Latent State Inference in a Spatiotemporal Generative Model
This work addresses the challenge of unsupervised latent state inference in spatiotemporal systems like weather prediction, offering a method that improves prediction accuracy and derives causal factors, though it is incremental as it builds on existing DISTANA architecture.
The paper tackled the problem of inferring hidden causal factors from spatiotemporal time series data without supervision, using an enhanced DISTANA model with active tuning to achieve more accurate predictions and reliably derive location-specific hidden factors, such as inferring a land-sea mask from temperature dynamics to improve weather forecasts.
Knowledge about the hidden factors that determine particular system dynamics is crucial for both explaining them and pursuing goal-directed interventions.

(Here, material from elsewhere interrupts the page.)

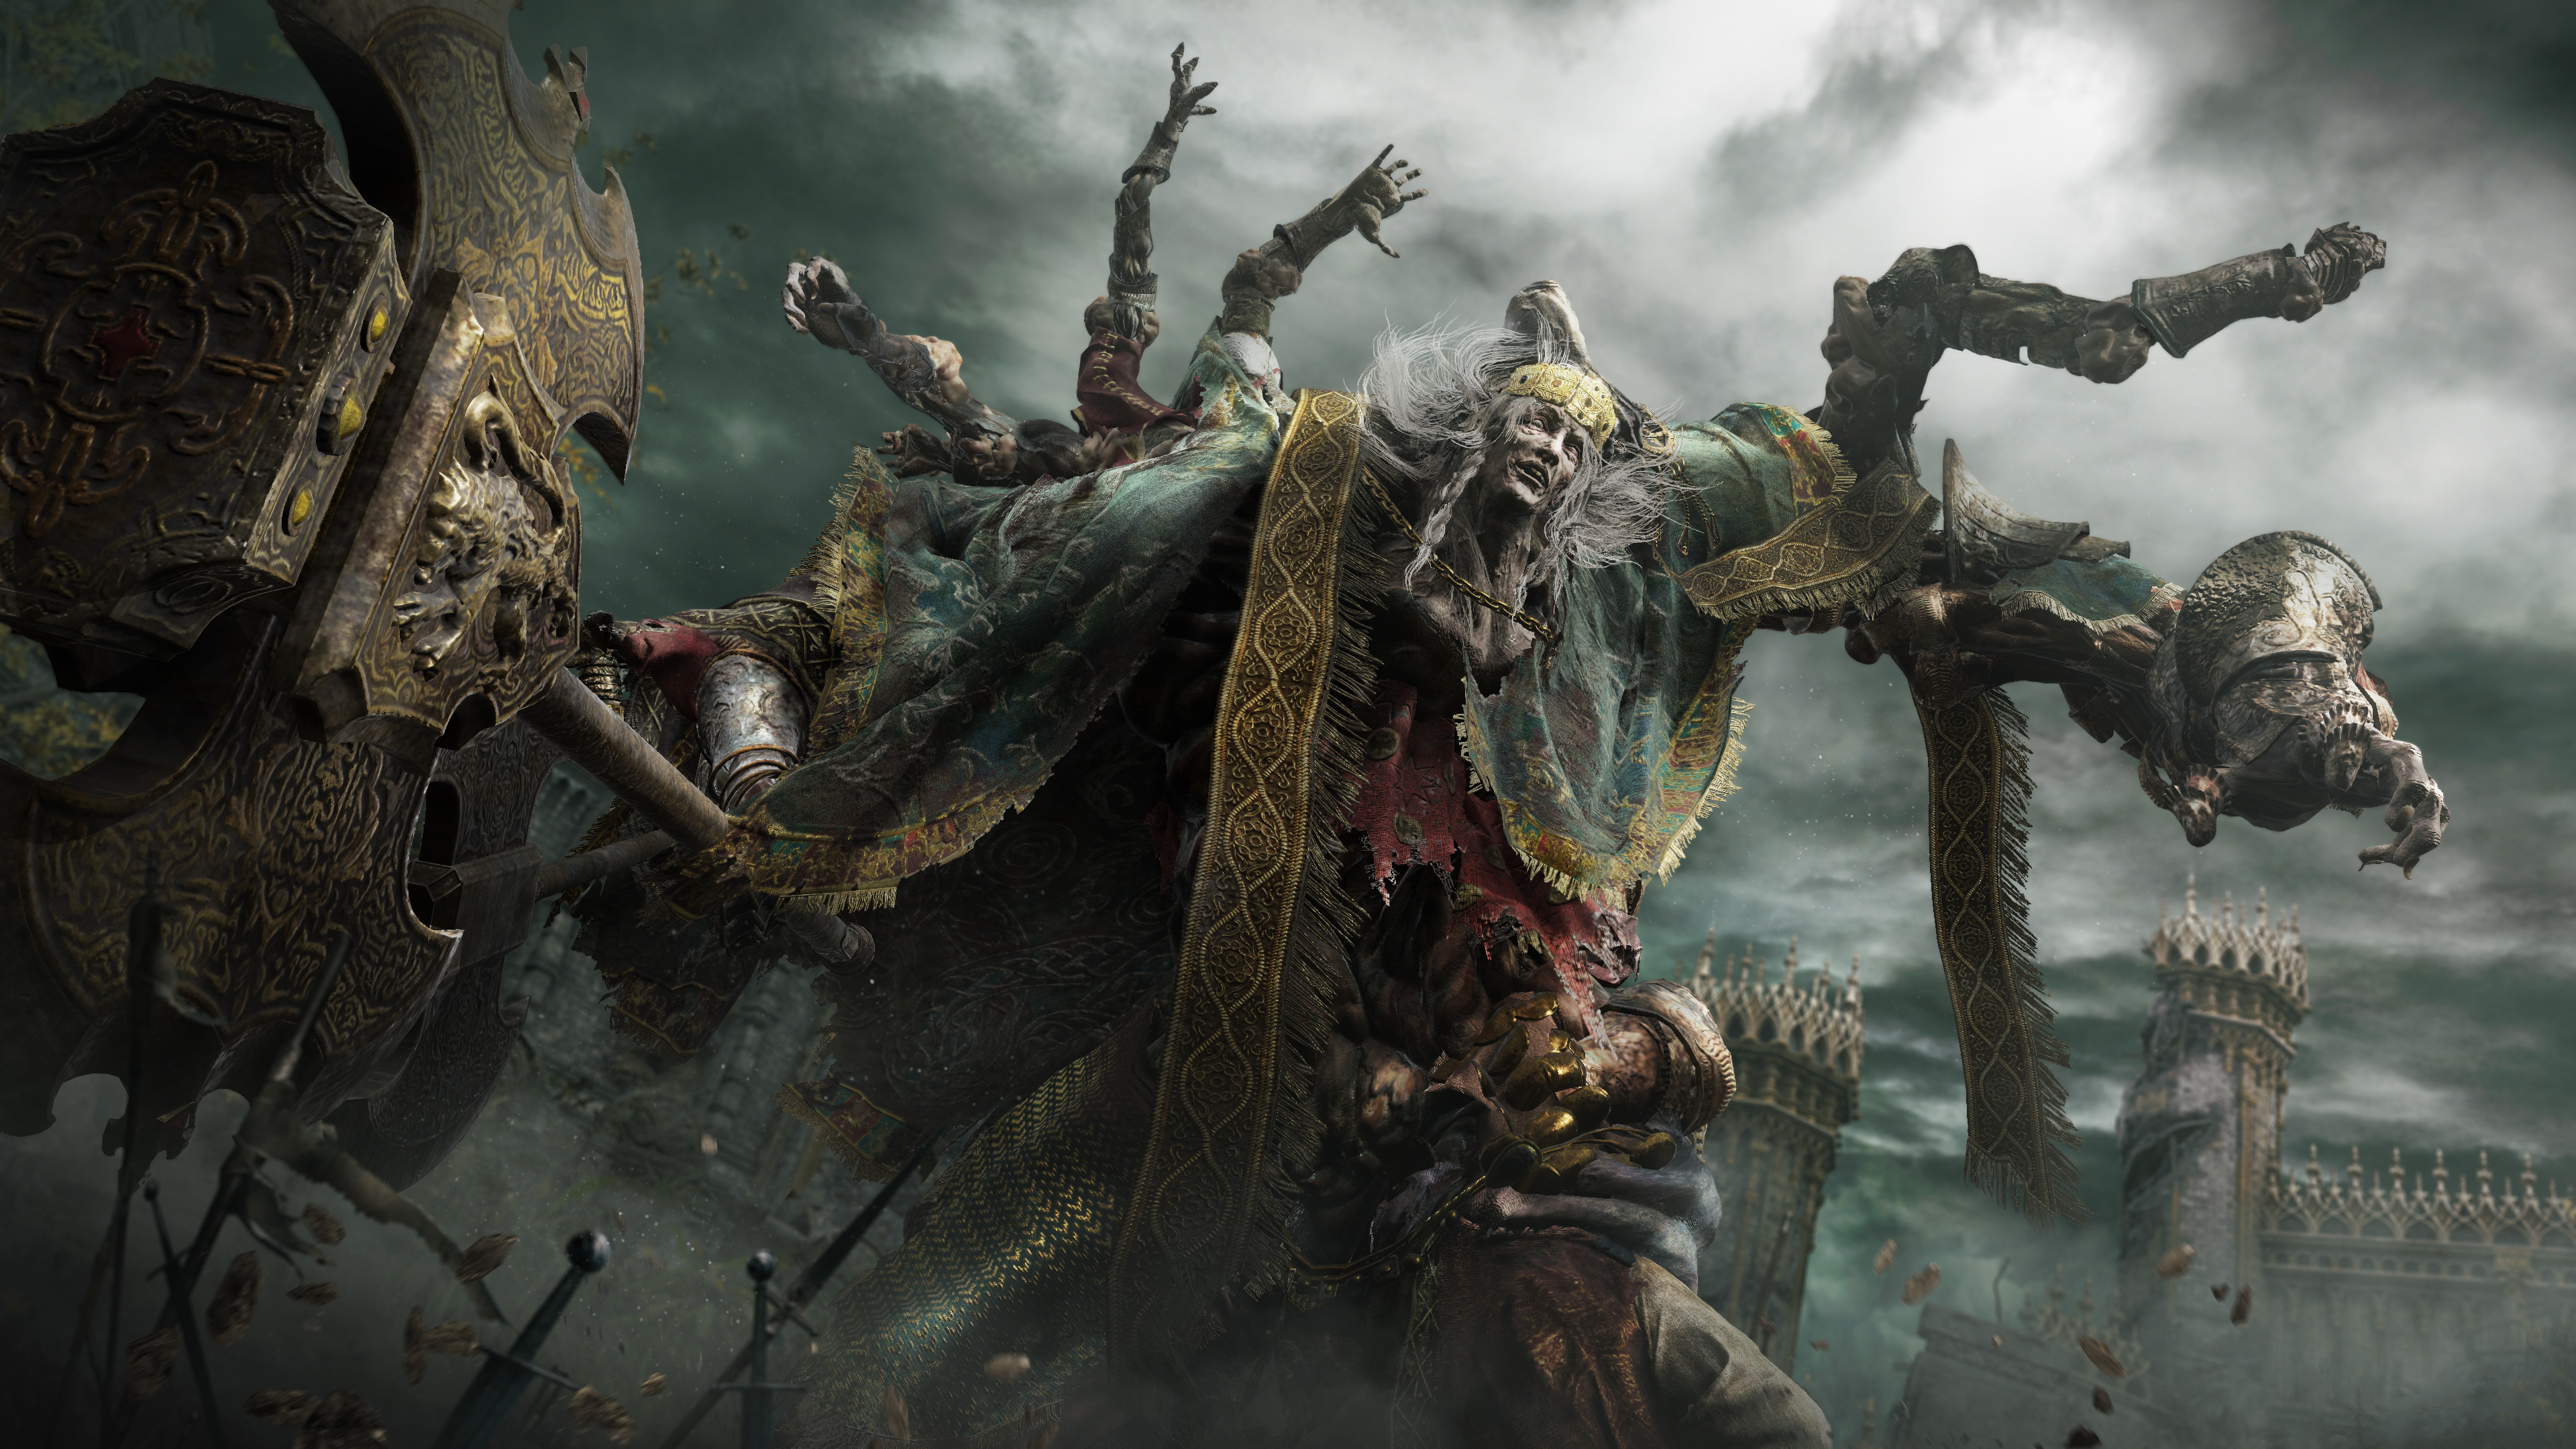 A still from the Elden Ring game showing a monstrous creature wielding a hammer

Inferring these factors from time series data without supervision remains an open challenge. Here, we focus on spatiotemporal processes, including wave propagation and weather dynamics, for which we assume that universal causes (e.g. physics) apply throughout space and time. A recently introduced DIstributed SpatioTemporal graph Artificial Neural network Architecture (DISTANA) is used and enhanced to learn such processes, requiring fewer parameters and achieving significantly more accurate predictions compared to temporal convolutional neural networks and other related approaches. We show that DISTANA, when combined with a retrospective latent state inference principle called active tuning, can reliably derive location-respective hidden causal factors. In a current weather prediction benchmark, DISTANA infers our planet's land-sea mask solely by observing temperature dynamics and, meanwhile, uses the self inferred information to improve its own future temperature predictions.